- Born: Joseph Aurèle Charles de Bossi 15 November 1758 Turin
- Died: 20 January 1824 (aged 65) Paris
- Occupations: Politician Poet
- Spouse: Anne Spanzotti

Signature

= Joseph Aurèle de Bossi =

French politician and poet (1758–1824)

Joseph Aurèle Charles de Bossi (15 November 1758 – 20 January 1824) was a French politician and poet.

== Biography ==
Bossi studied law under Professor Carlo Denina whom he befriended. Dealing simultaneously with literature, he gave two tragedies at the age of 18, the Circassians and Rhea-Sylvia which were well received.

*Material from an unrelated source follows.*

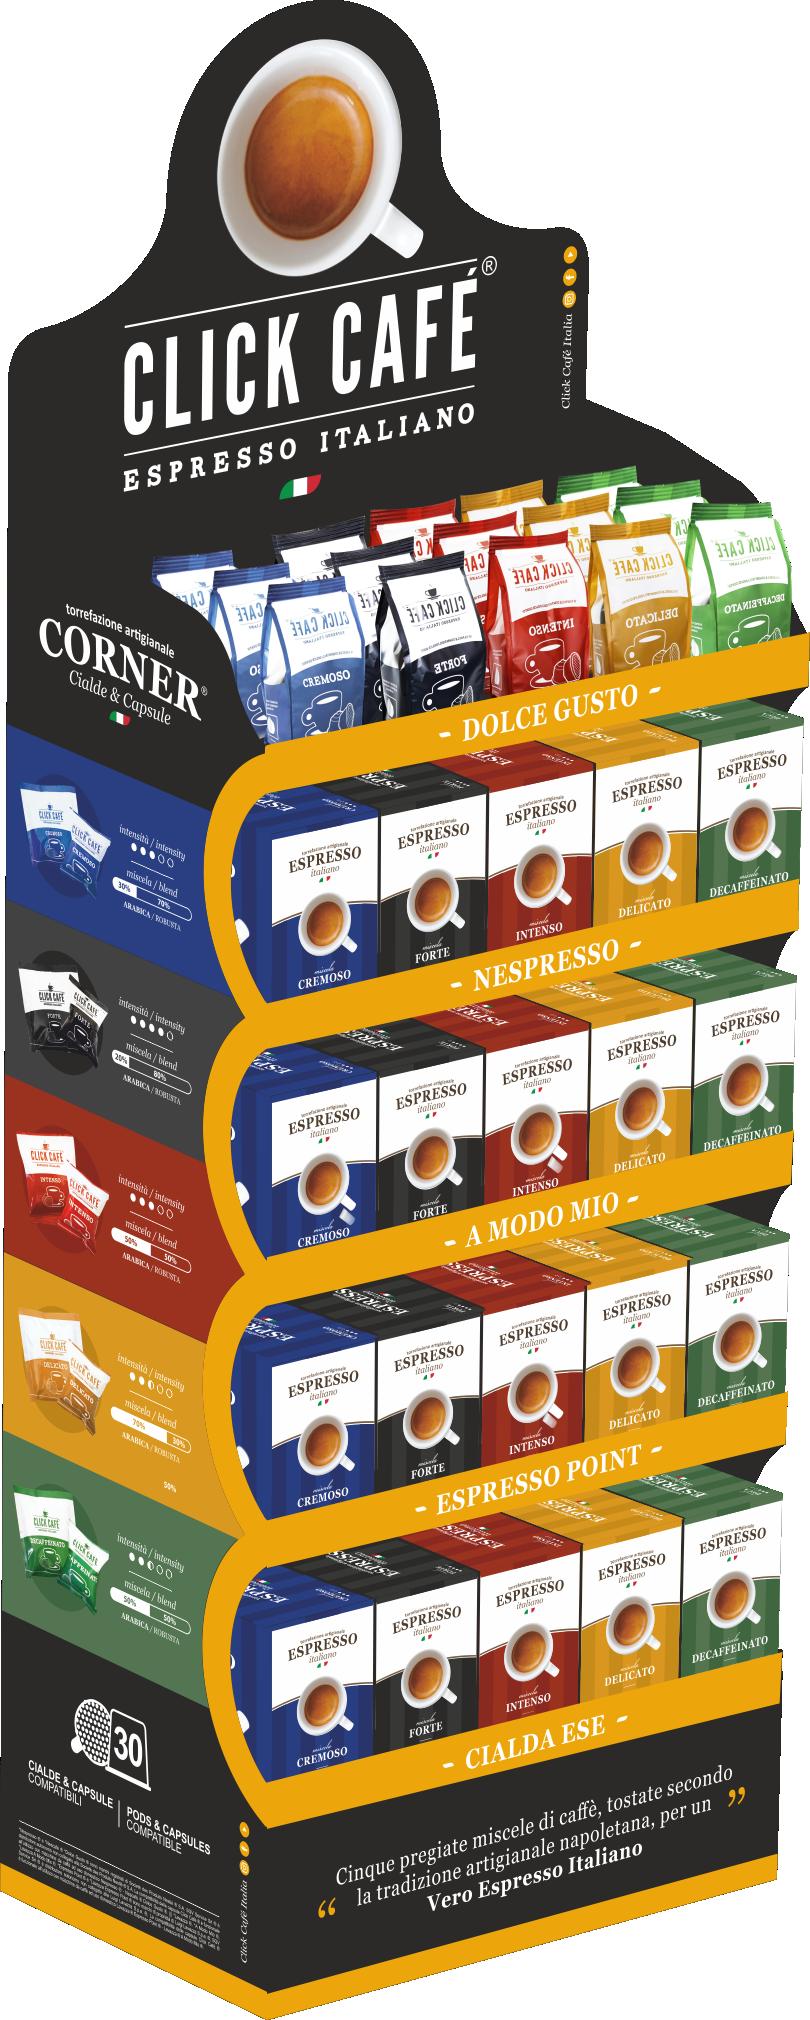 Espositore caffè cialde e capsule - espositore caffè - espositore cialde e capsule - Corner caffè Cialde e Capsule - Corner caffè - corner cialde e capsule - Corner cialde - Corner cialde caffè - Corner capsule caffè - i caffè
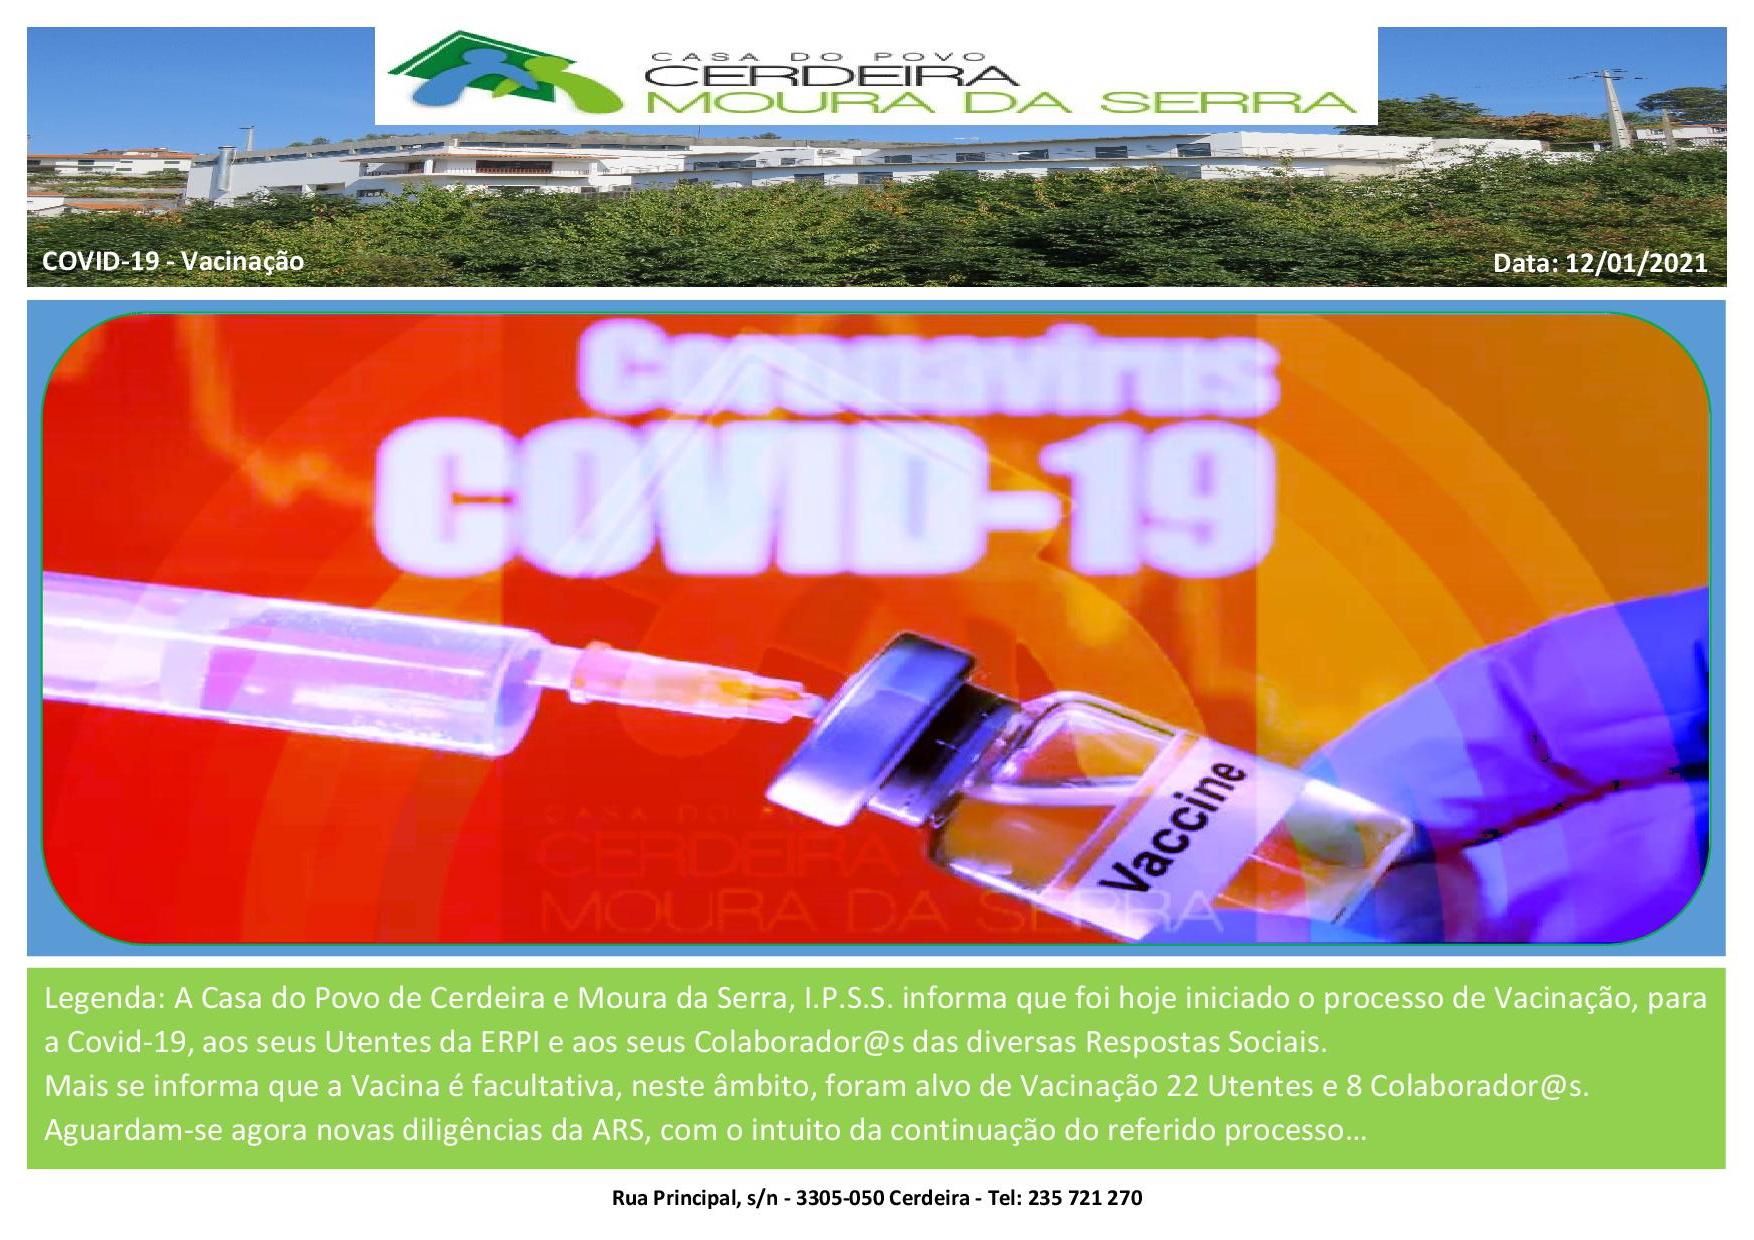 Casa do Povo de Cerdeira e Moura da Serra, I.P.S.S. – Vacinação (Covid-19)

Then he published Odes on the reforms of Joseph II, on the death of the young prince of Brunswick, on American Independence, the pacification of Holland, which increased his poet's reputation, but the philosophical sentiments contained in the odes displeased the court of Turin, and undermined his advancement in a first time.

However he was appointed Secretary of Legation at Genoa, then undersecretary for foreign affairs, before being chargé d'affaires to the Russian court, where he remained until the signing of the armistice of Cherasco between Sardinia and France, on 28 April 1796, when the Tsar Paul I ordered him to leave Russia.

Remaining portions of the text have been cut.